While in recursive, the steps can not be executed parallel to the stage execution, depending on the results of previous steps.
So, I'm convinced that the recycling in the FP will not give high concurrency. Am I right?
Sort. Data parallelism can not get you more parallel execution; This is it. However, you often have more data parallels, which are expressed in normal sequential algorithms, whether functional or necessary.
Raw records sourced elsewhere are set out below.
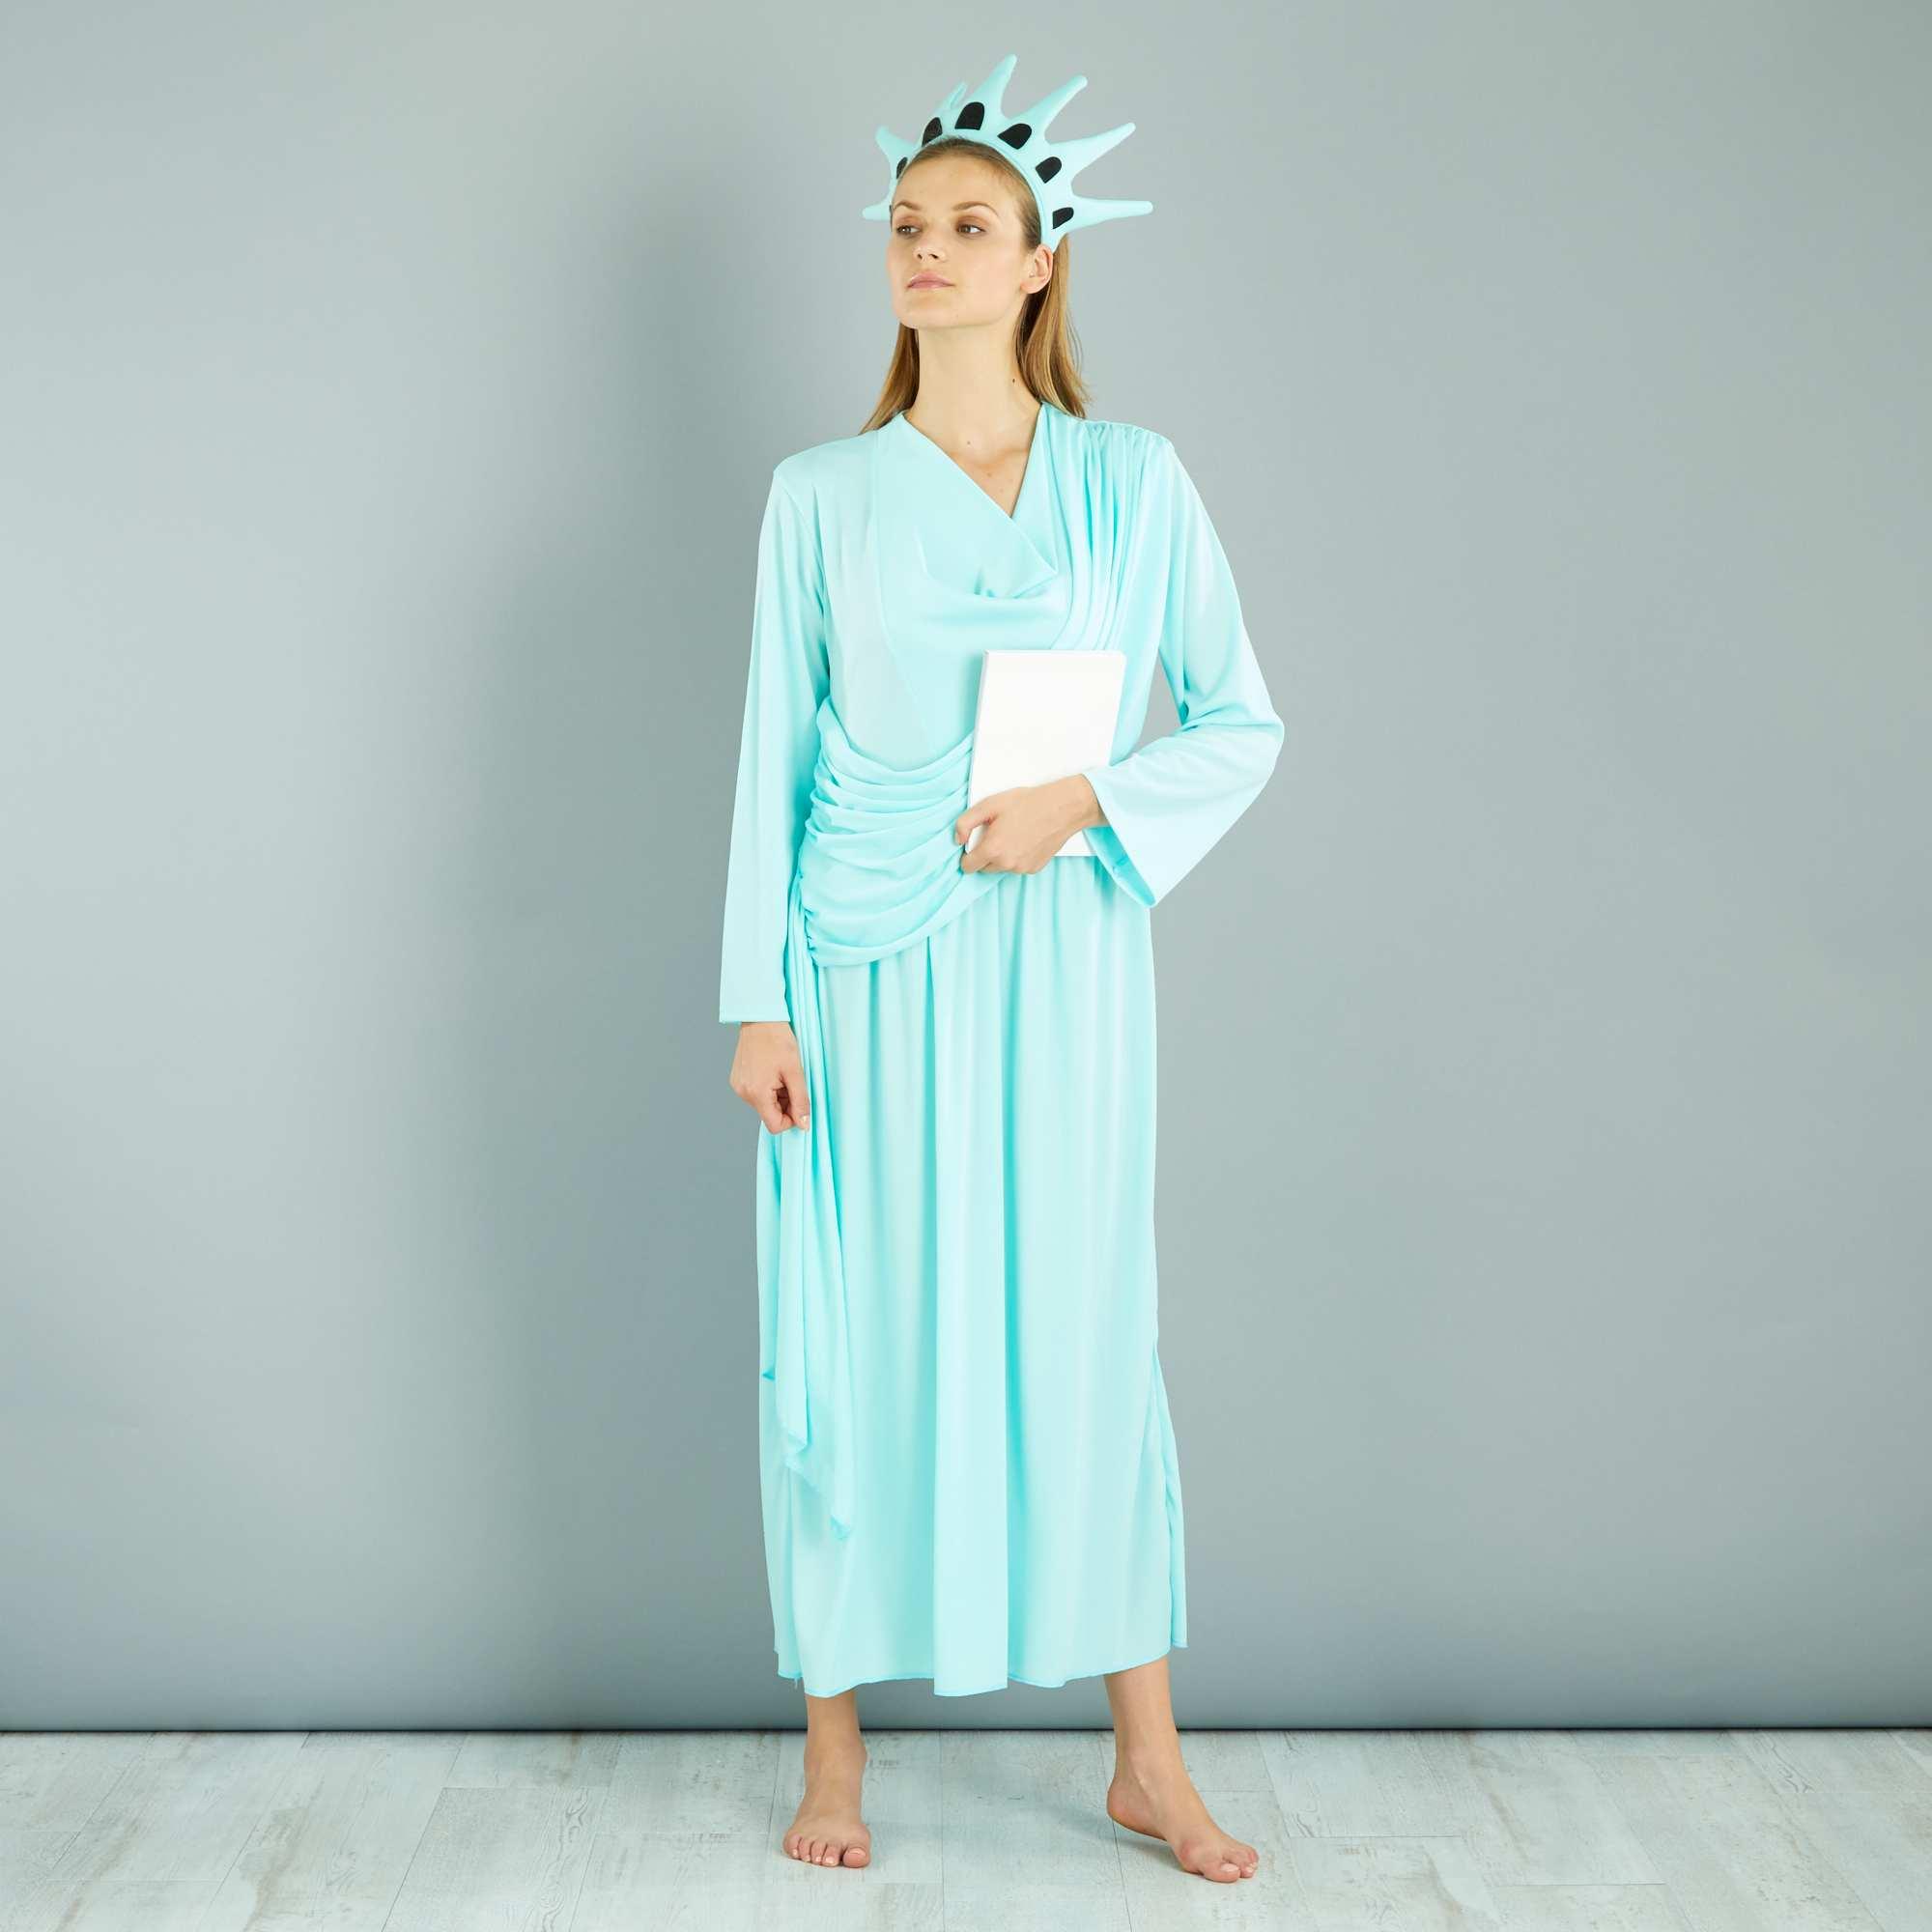 d guisement 39 statue de la libert 39 femme bleu kiabi 20 00. Black Bedroom Furniture Sets. Home Design Ideas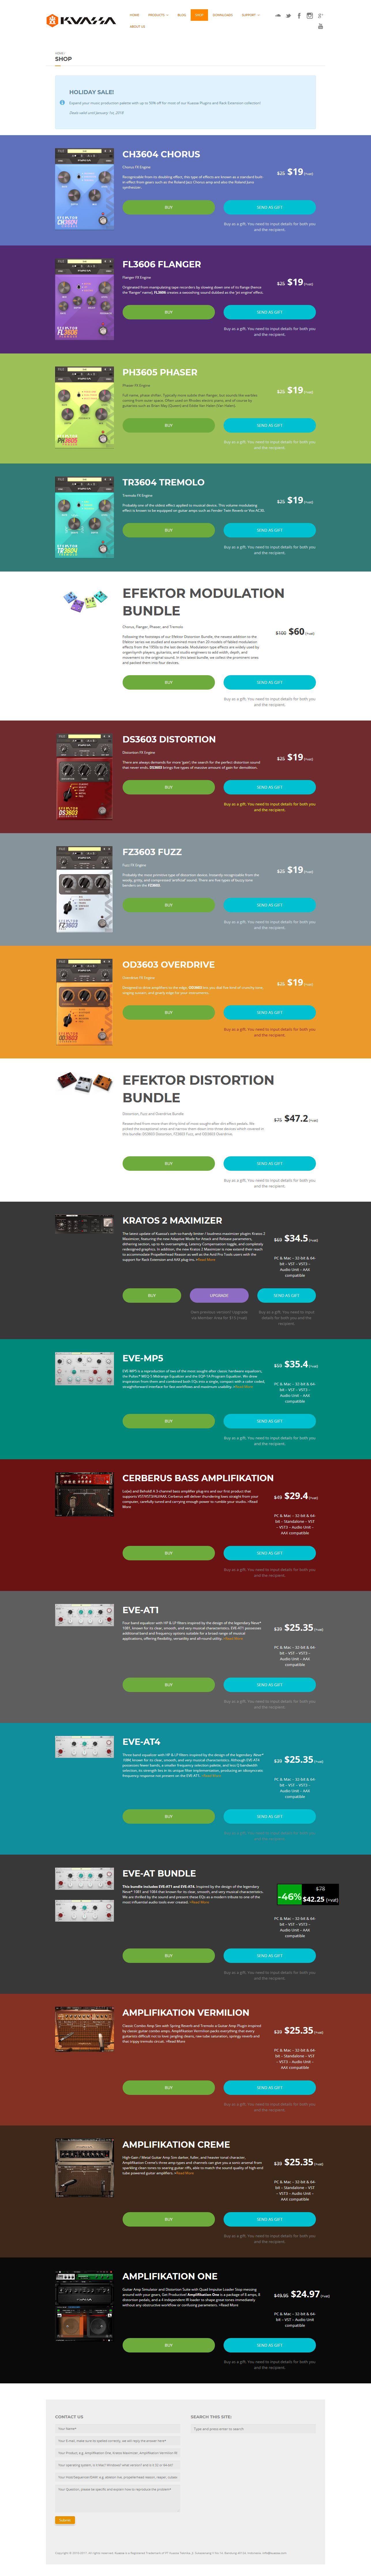 Lennar digital sylenth1 discount coupon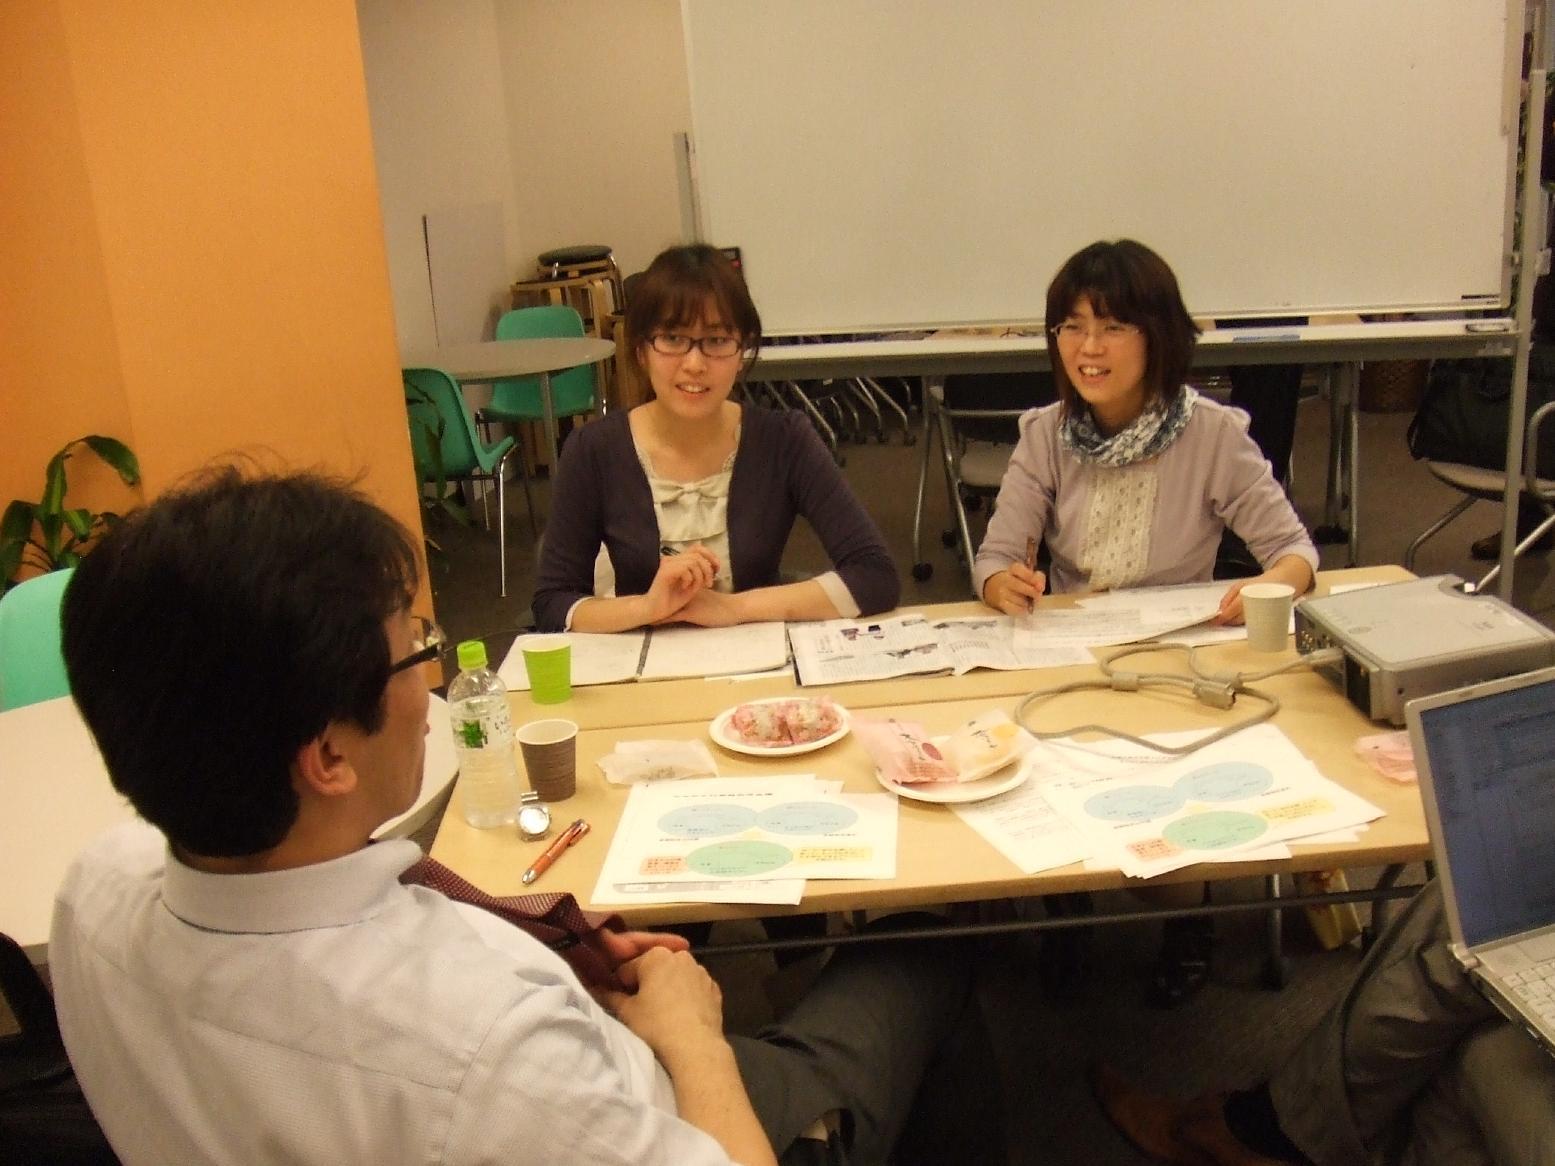 最終報告会直前!就労支援センターが戦略会議を行いました。

For example, consider taking a vector scalar multiple: (note: this is a built-in self-style language):
function scalar_available (scalar c, vector v) {vector v1 ; For (int i = 0; i & lt; length (v); i ++) {v1 [i] = c * v [i]; } Return v1; } Obviously, this is not going to run in parallel. If we rewrite it in a functional language using recursive then the situation does not improve (you can think of it as Haskell):
scalar_multiple c [] = [ ] Scalar_multiple c (x: xn) = c * x: scalar_multiple c xn this is still sequential algorithm!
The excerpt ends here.